Mozambique capitalizes on school-based HPV vaccination to stop cervical cancer

MOZAMBIQUE—The World Health Organization (WHO) has announced that Mozambique has made significant efforts to reach as many girls as possible and achieve high vaccination coverage against the human papillomavirus (HPV), which causes cervical cancer.

This is part of the country’s expanded immunization program, which included a catch-up campaign in April 2022, when schools resumed, to vaccinate eligible girls born in 2012 who had not yet received their first dose of the HPV vaccine.

The school-based vaccination program, where girls receive two doses separated by a six-month delay, is supplemented by different strategies to reach hard-to-reach girls, such as door-to-door visits, mobile outreach, and immunization at established facilities.

Mozambique has achieved remarkable success in a short amount of time, with administrative data from the Ministry of Health showing that the first dose is covered by more than 80% and the second dose by 40%.

According to the most recent WHO data, Mozambique has the sixth-highest premature mortality rate from cancer (10.4%).

More than 60% of incidents are among women, with cervical cancer accounting for more than a third (34.6%), followed by breast cancer (12.8%).

In 2018, the World Health Organization issued a call to action to eliminate cervical cancer globally by 2030, and Mozambique developed an HPV vaccination strategy for girls aged nine to fourteen years.

Due to complications posed by the COVID-19 pandemic, vaccination did not begin until 2021; however, the HPV vaccine has been part of the routine immunization protocol ever since.

Speaking at a vaccination drive, Aissa Cutane, a public health technician at the Habel Jafar Health Centre in Marracuene, confirmed that the school-based vaccination strategy has been very effective.

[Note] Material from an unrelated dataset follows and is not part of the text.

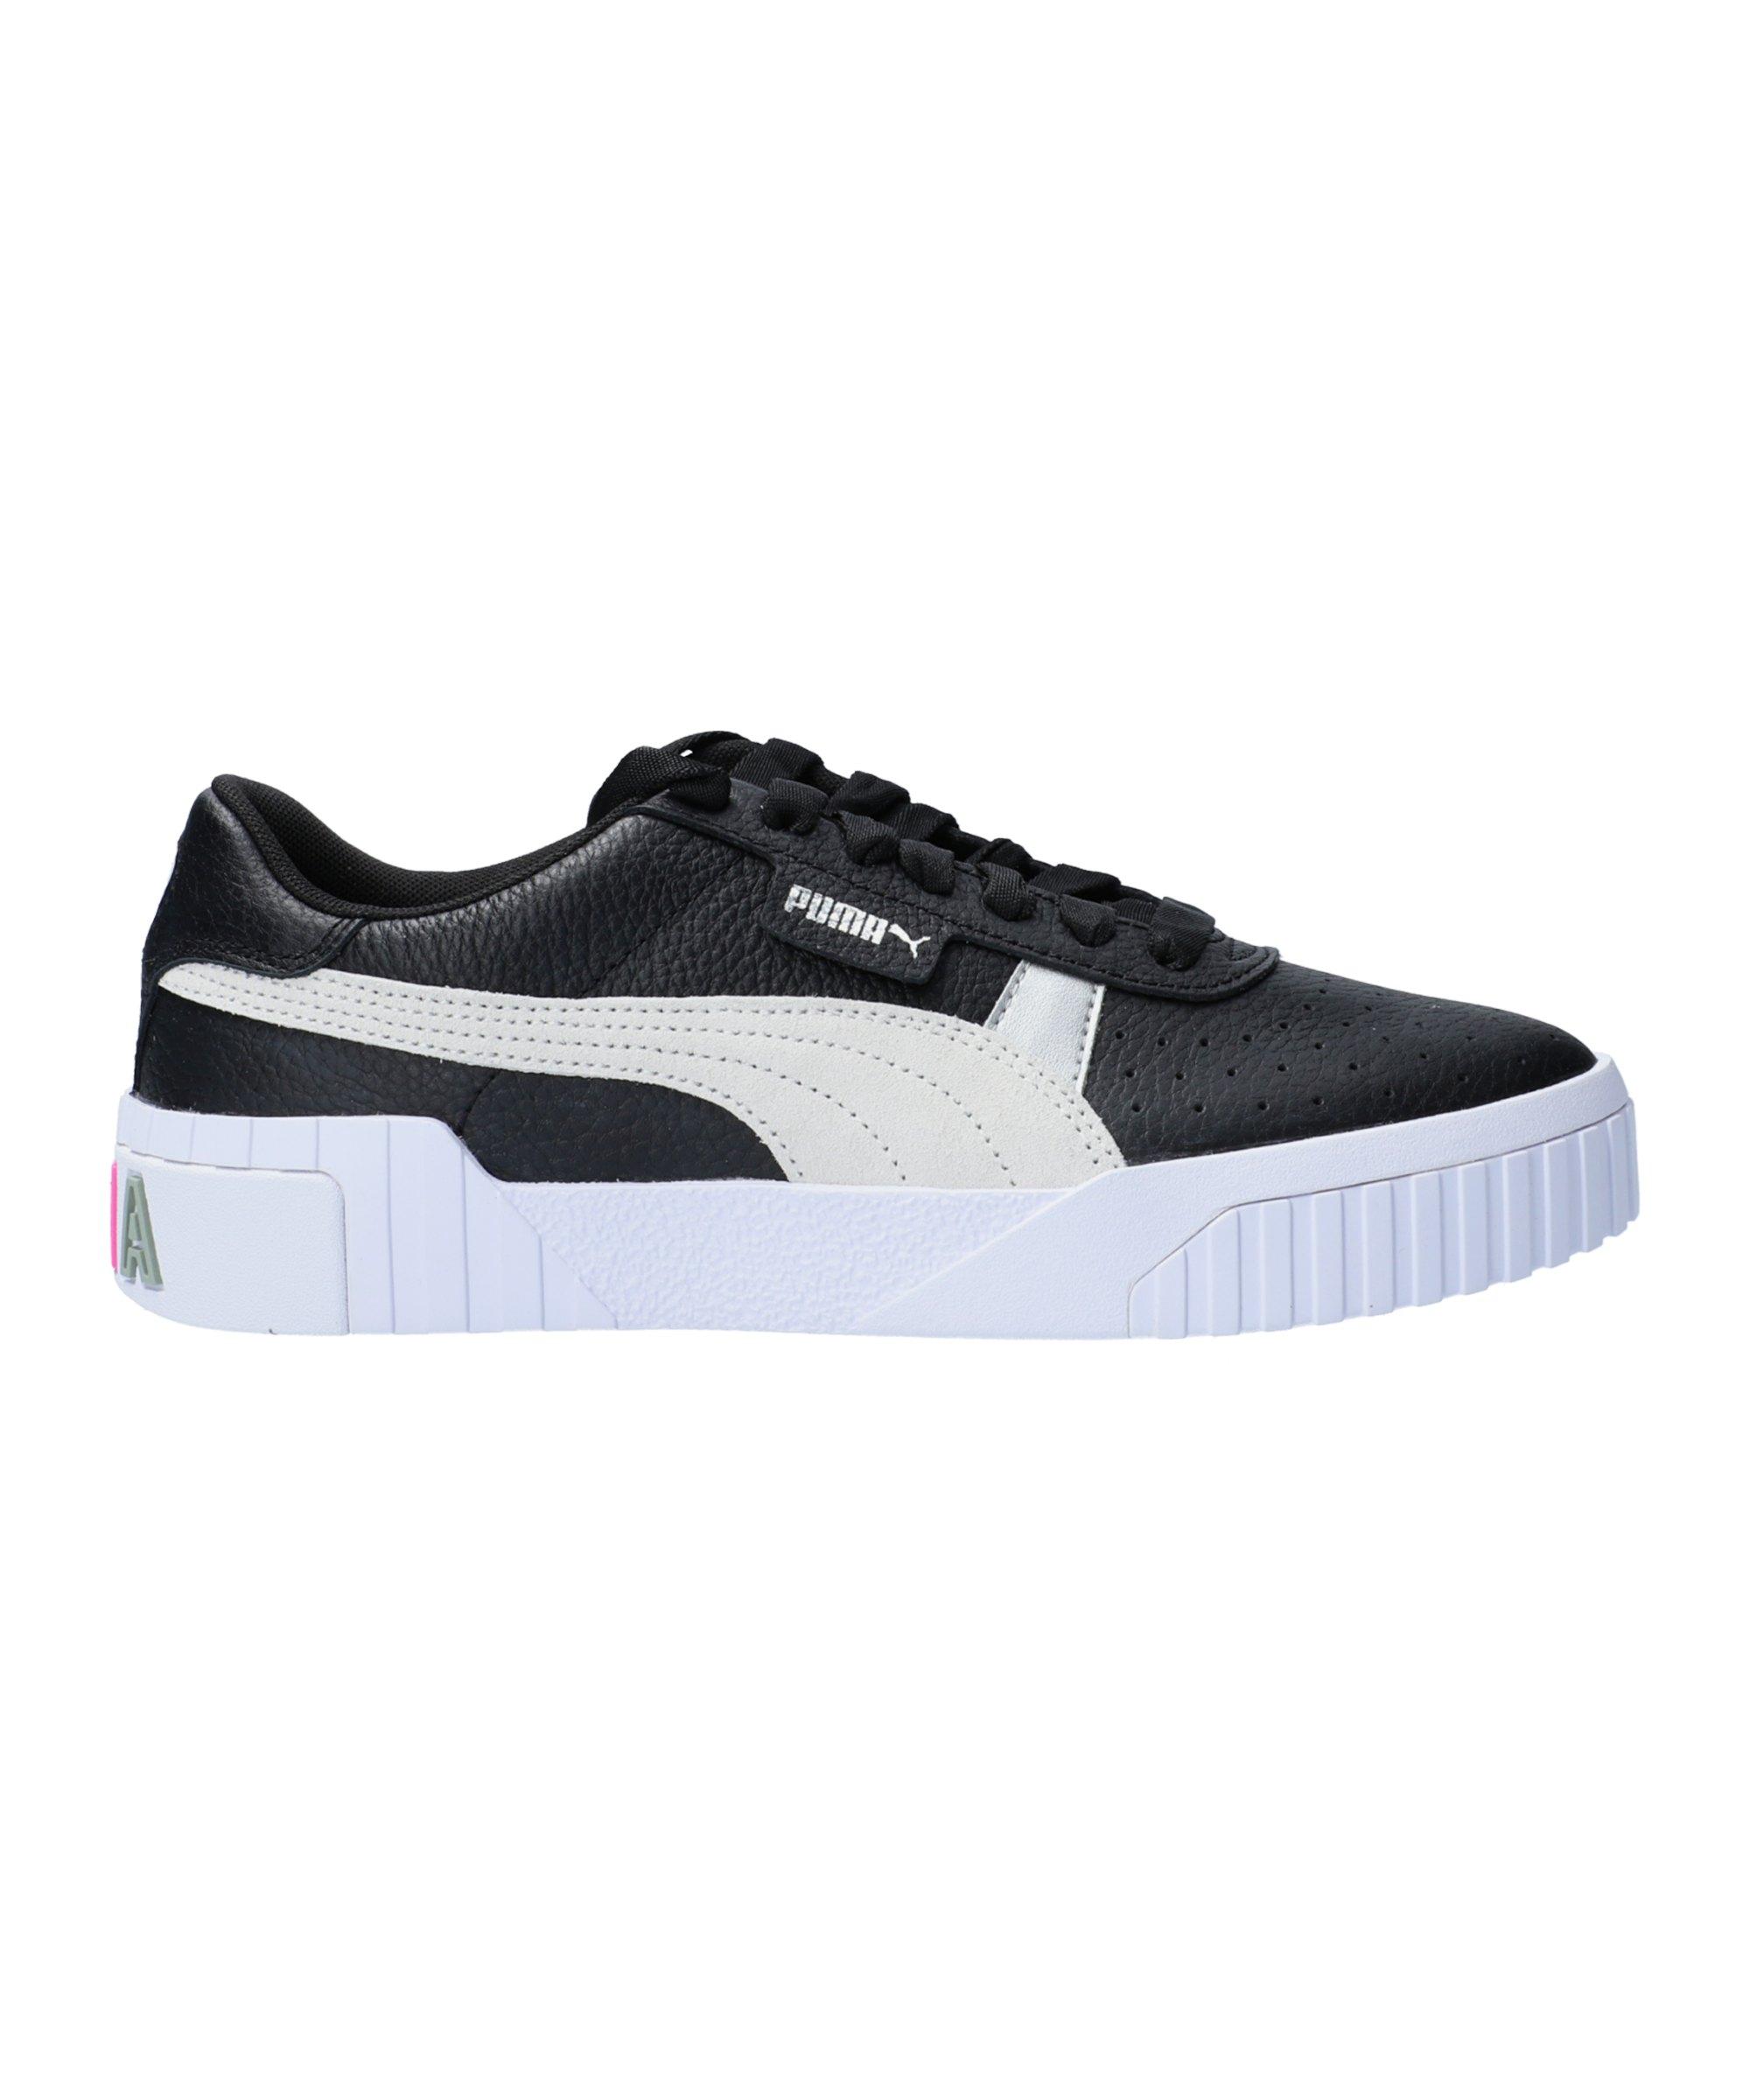 PUMA Cali Varsity Sneaker Damen Schwarz Weiss F02 - schwarz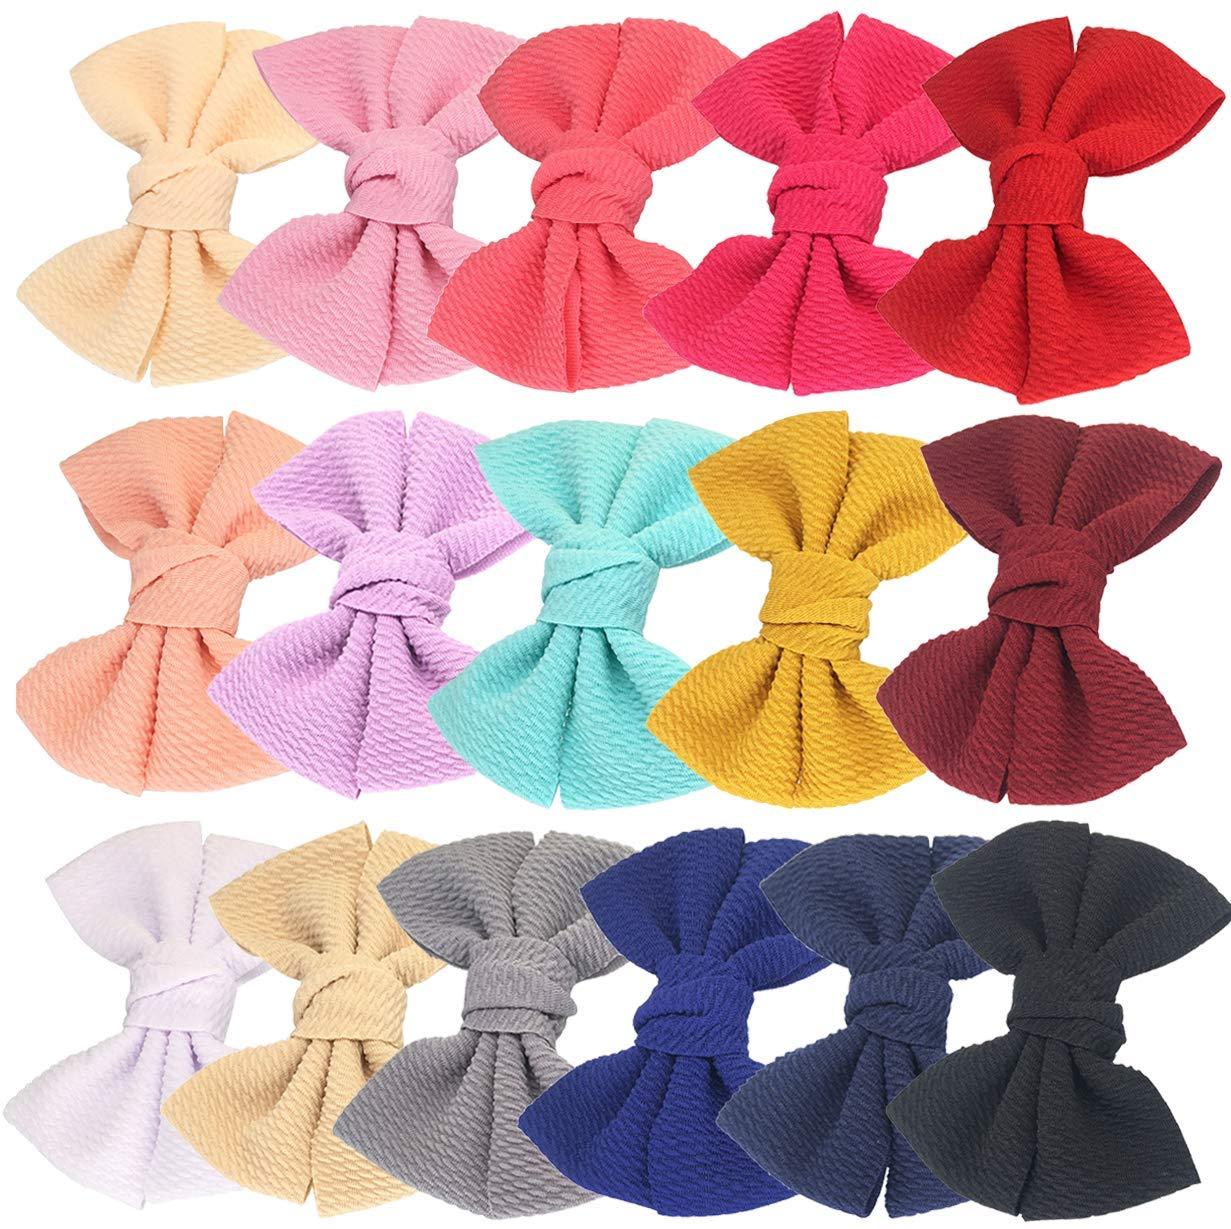 16pcs Baby Girl's Hair Bows Cheap sale Fabric 4 Clips Las Vegas Mall inch

“It is easier to communicate the benefits to the girls, their families, the local community, and local health professionals when you take the service to the target group,” Cutane elaborated.

Cutane also highlighted that after parents have granted agreement, health personnel deliver sensitization messages to their children before administering vaccinations.

Instead of the children and their parents spending much time coming to the health units and standing in huge queues, the immunizations are provided swiftly and effectively.

On his part, Dr. Severin Ritter Von Xylander, WHO Representative in Mozambique, noted that while the start of HPV vaccination experienced delays, the achievements in the last two years show political will and commitment to the global elimination targets.

He assured the public that WHO will support the country to accelerate its actions so that they can eradicate the scourge of cervical cancer among women.

So far, WHO and its partners have committed to providing the HPV vaccine to 86 million girls worldwide by 2025.

This collaborative effort has led to the vaccine’s adoption in 27 nations and the formation of 34 screening programs in Africa alone.

Meanwhile, Ethiopia has been the latest African country to prescribe the HPV vaccine to be offered to girls between the ages of nine and 14 years before they become sexually active and are exposed to the virus that causes changes in the cervix that can lead to cancer.

Ethiopia introduced the vaccine in December 2018 for 14-year-old girls only; nevertheless, due to the global HPV vaccine scarcity, over 6.3 million girls in Ethiopia have received one dose.

Liberia has also been at the forefront of incorporating the HPV vaccine into routine immunization, in addition to other measures, such as cervical cancer screening and treatment, to address the cervical cancer threat.